I did four runs of the different parts of the patch:
- 5.1-rc6
- #1 + kvm64 CPU + some config options
- #2 + tsc-deadline=on and so on (the whole line)
- #3 + CONFIG_PARAVIRT_SPINLOCKS (now everything)
the test command was tools/testing/selftests/rcutorture/bin/kvm.sh --cpus 112 --duration 60 --configs "16*TREE08" --memory 4G
and the results: | HEAD is now at 085b7755808a... Linux 5.1-rc6 | (28.5942 +27.4658 +28.0203 +27.2061 +28.0731 +26.9078 +27.8494 + 27.3392 +26.4339 +28.025 +27.4797 +27.6775 +28.0653 +28.0742 +27.9581 +28.6508)/ 16 | 27.738775 | | HEAD is now at 36a12aa9761a... tune #1 | (28.5761 +26.6514 +26.6989 +27.4375 +27.3442 +28.3228 +26.6353 +27.5461+28.5531 +27.7006 +27.8078 +27.9753 +27.4269 +28.0464 +27.6314 +27.8356) / 16 | 27.6368375 | | HEAD is now at af5cd7196436... tune #2 | (28.4867 +26.3675 +27.6364 +28.3344 +27.4153 +27.9306 +27.1703 +26.8461+27.3194 +28.5486 +27.8975 +27.4356 +28.12 +28.4397 +29.0186 +26.9328 )/ 16 | 27.74371875 | | HEAD is now at 3701f64943f5... tune #3 | (28.2431 +27.7831 +28.39 +28.2586 +27.7408 +27.9258 +26.6236 +26.7817+29.1178 +26.9564 +29.0525 +27.4258 +27.4931 +27.8928 +26.9308 +28.4833)/ 16 | 27.8187
This 28.… is the number of GP/s. Based on the results in looks like noise to me. Also I have no idea why you have more than twice as many GP/s as I do.
My guess is that because you have more CPUs, the for_each_online_cpu() loop takes longer on your system.

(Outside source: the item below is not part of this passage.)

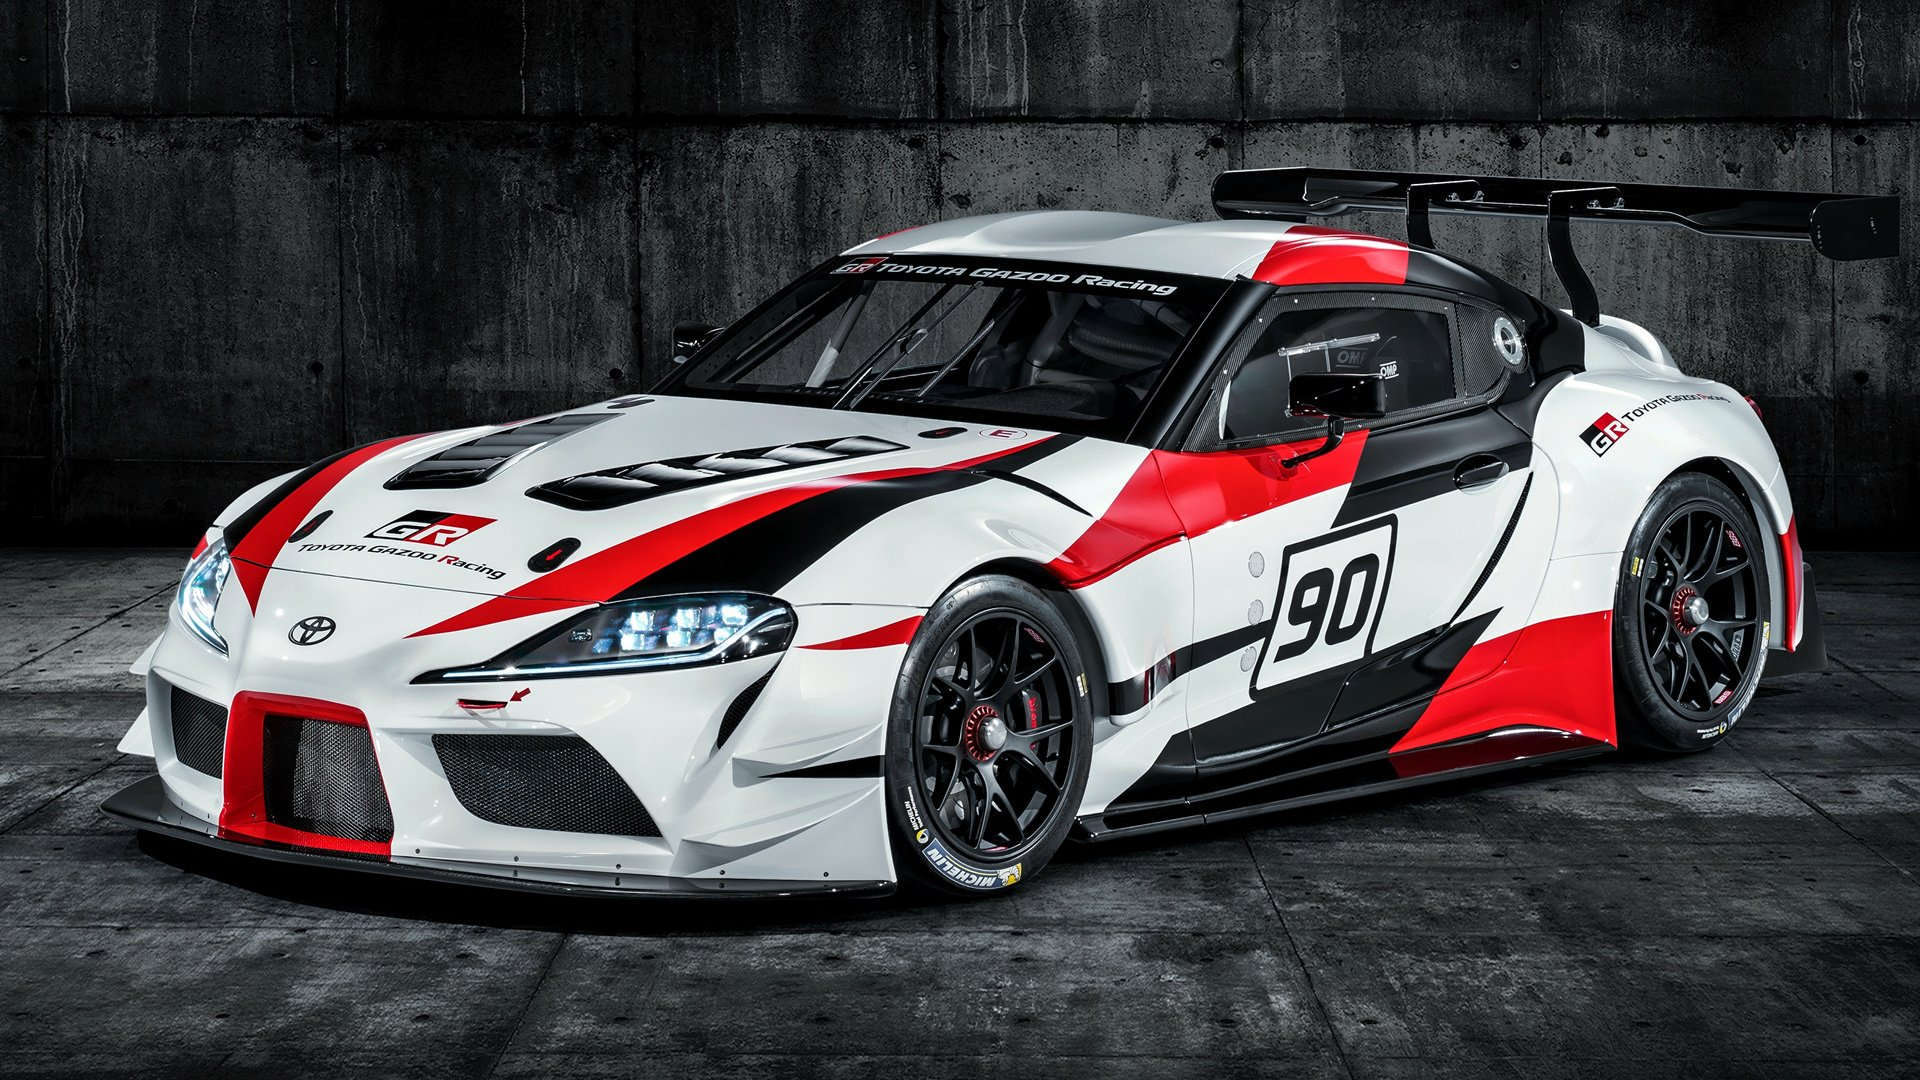 Vehicles Toyota Gr Supra Sport Car Race Car White Car Car Wallpaper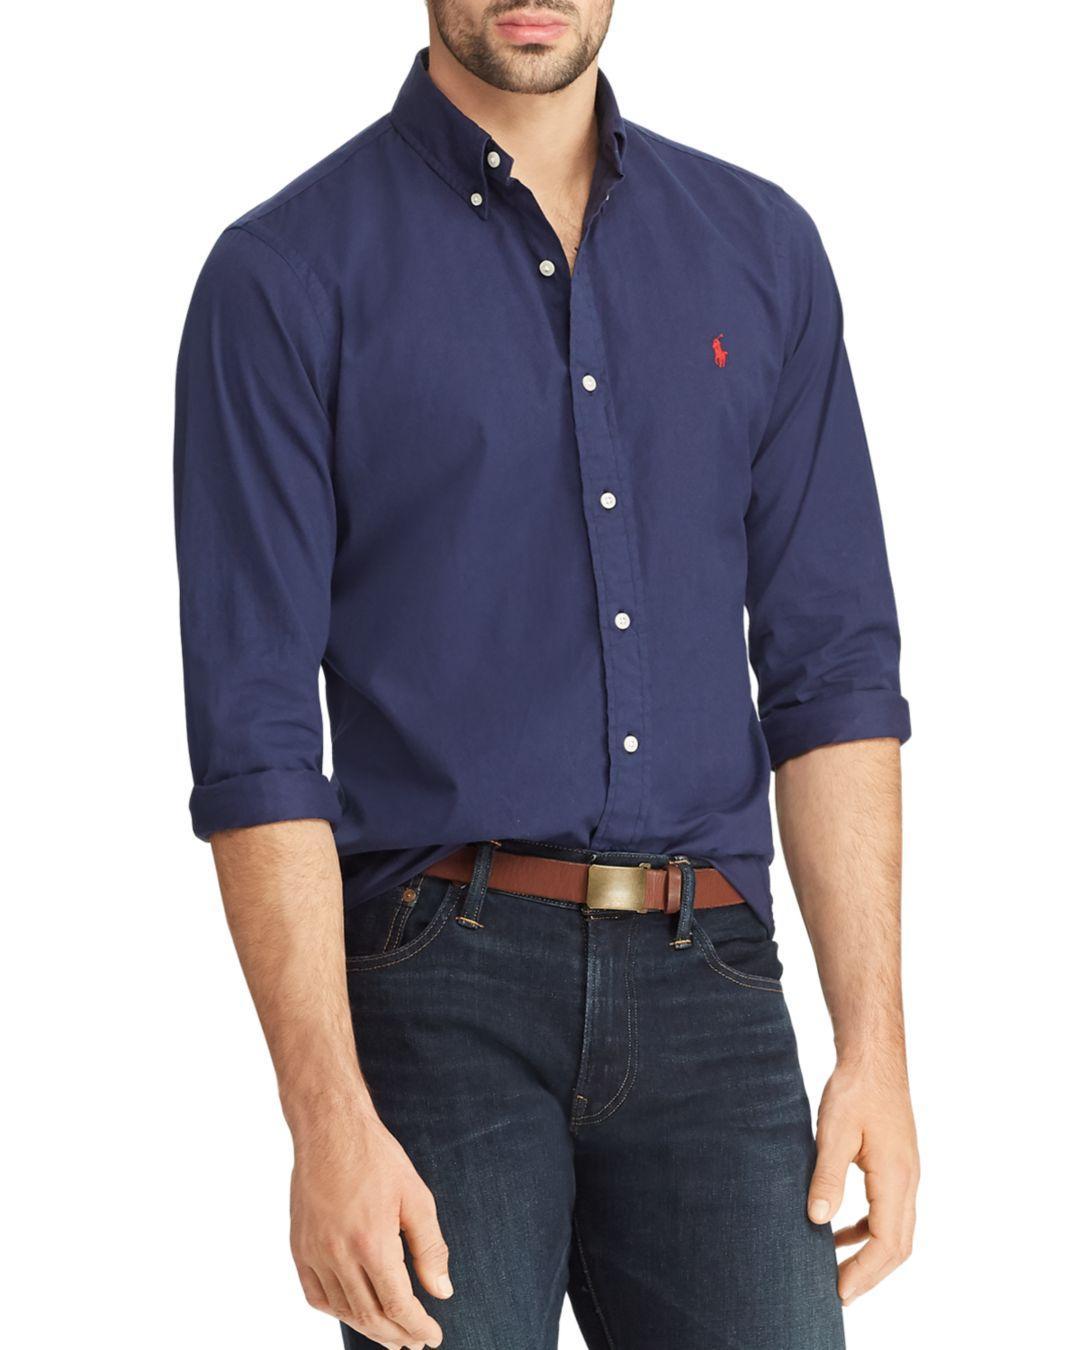 f2884b45f00 Lyst - Polo Ralph Lauren Slim Fit Button-down Twill Shirt in Blue ...

OK, that is rather oversimplified, to say the least. A better way to put this is that the probability of some CPU holding things up is larger the more CPUs you have. RCU doe take explicit steps to slow down grace periods, but that doesn't start kicking in until 256 CPUs.
Thanx, Paul
Different box doing: tools/testing/selftests/rcutorture/bin/kvm.sh --cpus 112 --duration 60 --configs "42*TREE01" --memory 4G and got this:
| HEAD is now at 085b7755808aa... Linux 5.1-rc6 | (15.2878 + 15.8664 + 15.6369 + 15.6714 + 15.3667 + 16.4706 + 15.7844 + | 16.2119 + 15.6108 + 15.84 + 16.0003 + 16.2886 + 15.8728 + 15.5347 + | 15.6753 + 15.6628 + 15.8628 + 15.8158 + 15.8419 + 16.0053 + 15.7878 + | 16.465 + 16.2267 + 16.6881 + 16.3186 + 16.1778 + 15.7069 + 16.0178 + | 15.7156 + 16.0083 + 15.7181 + 15.8961 + 15.5253 + 16.1569 + 15.7692 + | 16.2622 + 16.2931 + 15.9531 + 15.6697 + 15.4539 + 15.6478 + 15.8047) / | 42 | ~15.89452142857142857143 | | HEAD is now at 3701f64943f5a... tune #3 | ; (15.8461 + 15.8653 + 16.0392 + 15.8906 + 15.7606 + 15.6169 + 16.1425 + | 15.9089 + 16.2169 + 16.1694 + 16.2122 + 15.6417 + 15.8022 + 16.1178 + | 15.1689 + 16.1303 + 16.0181 + 16.3797 + 16.0614 + 16.2839 + 15.4583 + | 15.9178 + 16.0589 + 16.3428 + 15.5486 + 16.0839 + 15.9931 + 15.8417 + | 16.0981 + 15.8075 + 15.9925 + 15.7311 + 15.9172 + 16.1164 + 15.6303 + | 15.9383 + 16.0714 + 16.2786 + 15.8394 + 15.9597 + 16.0175 + 15.3908) / | 42 | ~15.93586904761904761905
Noise.
So from RCUtorture point of view there is no improvement right? In that case I would suggest to drop the problematic parts…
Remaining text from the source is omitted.